The war of words between Chris Christie and Rand Paul may have been the opening salvos of the 2016 Republican presidential primaries.

It all began when Christie blasted Paul’s “very dangerous” foreign-policy ideas. It might have been the first time somebody cast aspersions on “esoteric debates” from the comfort of the Aspen Ideas Institute.

Christie invoked the 9/11 terrorist attacks. “I want them to come to New Jersey and sit across from the widows and orphans and have that conversation,” the New Jersey governor said. “And they won’t, ’cause that’s a much tougher conversation to have.”

The governor closed with a warning: “The next attack that comes that kills thousands of Americans as a result, people are going to be looking back on the people having this intellectual debate.”

Paul held little back in response. “I would remind [Gov. Christie] that I think what’s dangerous in our country is to forget that we have a Bill of Rights, to forget about privacy, to give up all of our liberty to say ‘we’re going to catch terrorism, but we have to live in a police state,’” the Tea Party senator from Kentucky shot back.

“I think it’s really kind of sad and cheap that he would use the cloak of 9/11 victims, and say, ‘I’m the only one who cares about these victims,’” Paul continued. “Hogwash.” He described Christie as “flippant” toward the Bill of Rights.

The debate soon degenerated into Christie railing against pork-barrel spending in Kentucky—largely due to military bases and policies Paul has little to do with—and Paul calling the New Jersey governor “the king of bacon.” But it was reminiscent of Ron Paul’s foreign-policy argument with Rudy Giuliani during a South Carolina Republican debate in 2007.

Giuliani hit the right emotional buttons and won the room of Republican primary voters. But it turned out to be a bigger moment for the elder Paul, who galvanized a movement of antiwar conservatives that his son may now lead.

This time around, Christie’s Giuliani impression may not even win the room. According to a recent Pew poll, 55 percent of Republicans and Republican-leaning independents have a favorable view of Paul. Only 19 percent hold an unfavorable impression. Christie’s numbers among these voters were 47 percent favorable, 30 percent unfavorable.

A divide persists within the GOP. Paul’s numbers among Republicans who disapprove of the NSA’s surveillance program was 61 percent favorable and 18 percent unfavorable, while 56 percent of pro-NSA Republicans had a favorable opinion of Christie to 25 percent unfavorable.

Nearly half of Republicans say that they worry the federal government has gone too far in restricting civil liberties, compared to 38 percent who say it hasn’t done enough to protect national security. That’s a 21-point shift in the civil libertarian direction since 2010. After Paul’s 13-hour filibuster, there was a 50-point swing against targeted drone killings of U.S. citizens among the country as a whole.

The Republicans’ longshot candidate for Senate in New Jersey reads the politics of the NSA differently than Christie. Steve Lonegan is hitting Democrat Cory Booker hard on surveillance. After the Christie-Paul spat, Lonegan released a statement politely distancing himself from his governor and siding with Rand.

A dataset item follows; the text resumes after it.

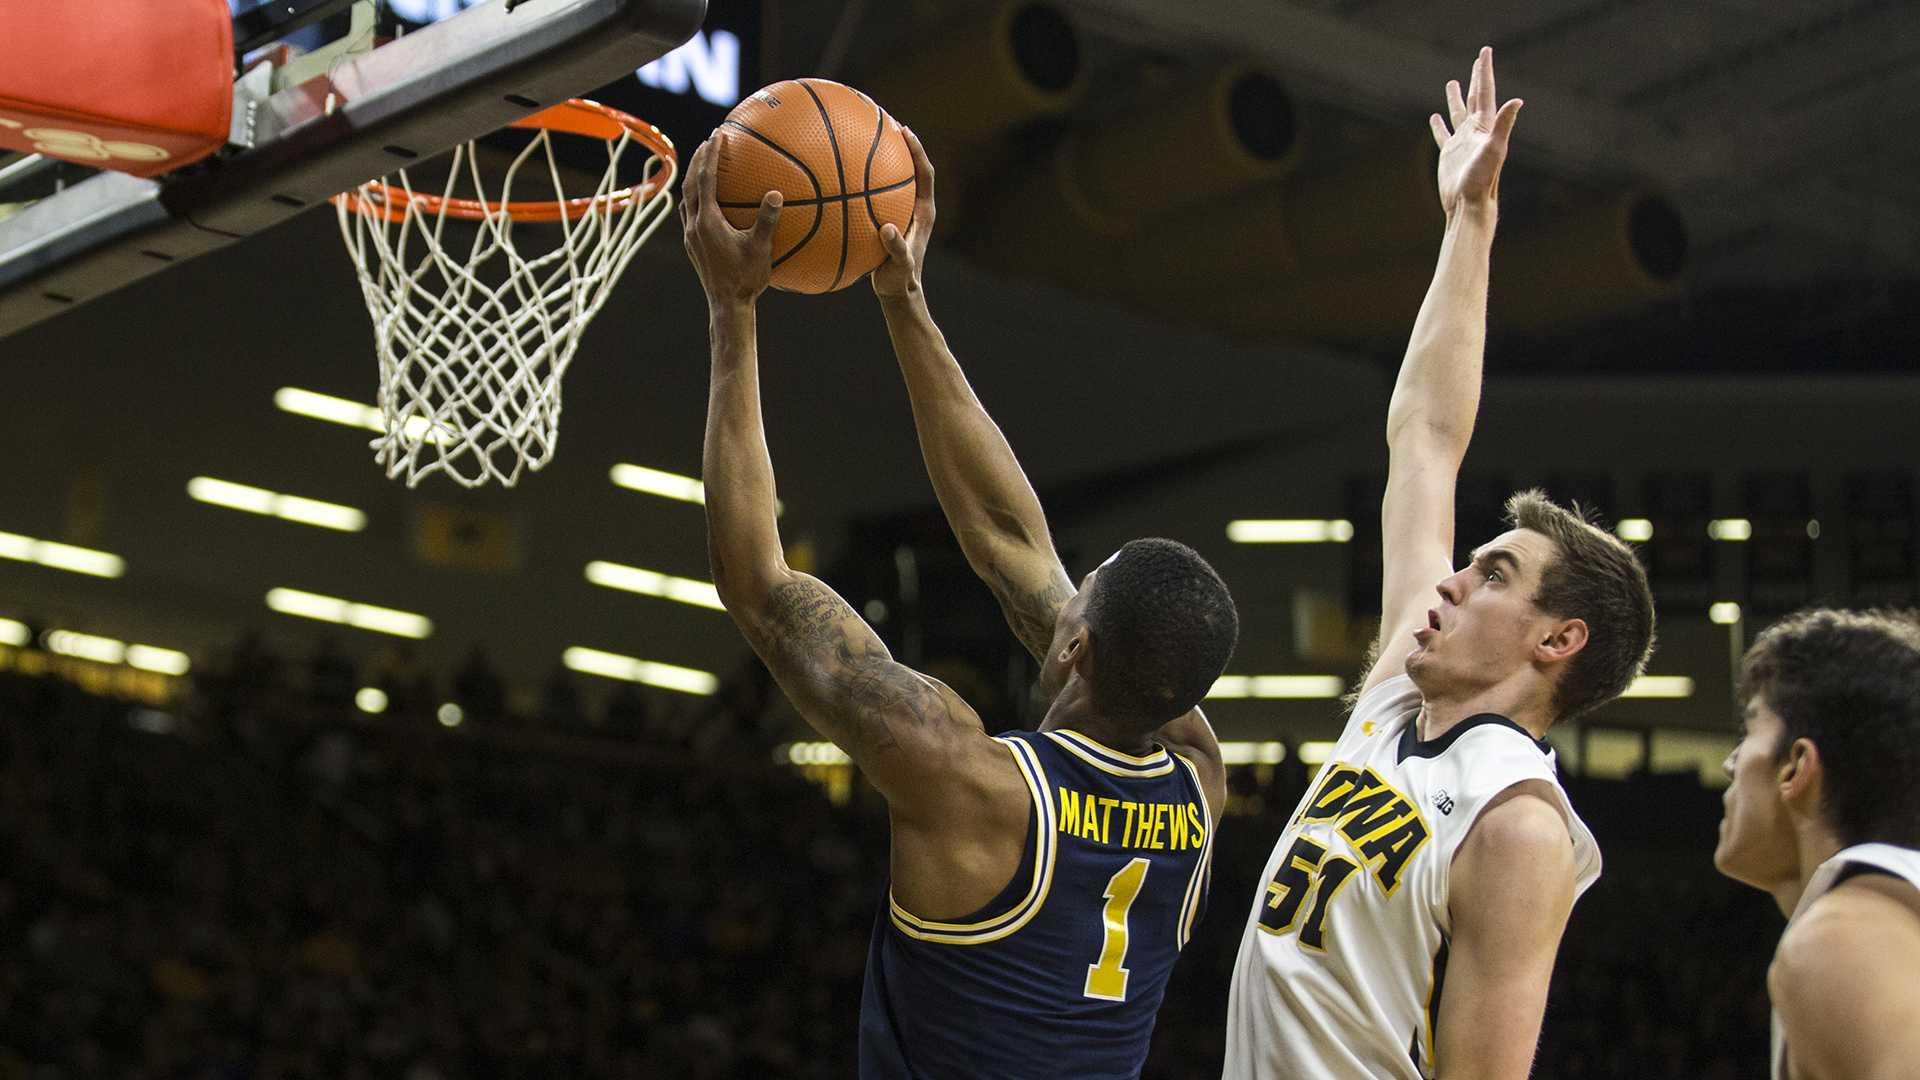 Photos: Iowa Men's Basketball vs. Michigan (01/02/17)

“Senator Rand Paul is defending our freedom against the overreach of our government into our lives and privacy, and the NSA surveillance scandal clearly highlights this administration’s abuse of its power to invade our private lives,” Lonegan said. “I support Sen. Paul’s efforts.”

Nancy Mace, the just-announced Tea Party primary challenger to South Carolina Sen. Lindsey Graham, is already pointing out that the GOP incumbent stands with Barack Obama rather than Rand on surveillance.

The second difference is that the younger Paul hits back much harder against Republicans who try to wave the bloody shirt of terrorism against him. When New York Rep. Peter King criticized Paul and his ally Michigan Rep. Justin Amash, Paul said King and Christie represented “the old, stale, moss-covered, let’s-go-bomb-everybody-into-oblivion” wing of the party.

“It’s the tax-and-spend liberal wing of the Republican Party,” Paul told CNN. “They’re all for blowing stuff up, they’re all for getting involved in wars, but they’re not too concerned with fiscal responsibility and balanced budgets.”

Paul’s Kentucky GOP primary opponent Trey Grayson played the 9/11 card against him in 2010—even highlighting the elder Paul’s Giuliani confrontation, interspersed with Jeremiah Wright footage. “Trey Grayson,” Rand said in a response ad, “Your shameful TV ad is a lie and it dishonors you.”

On Election Day, Paul beat Grayson with 59 percent of the vote. The primary turned out to be a mere bump in his road to the Senate.

We’re a long way off from something that like that happening in the presidential race. But it’s not as fanciful a thought as it once might have been.

W. James Antle III is editor of the Daily Caller News Foundation and author of Devouring Freedom: Can Big Government Ever Be Stopped?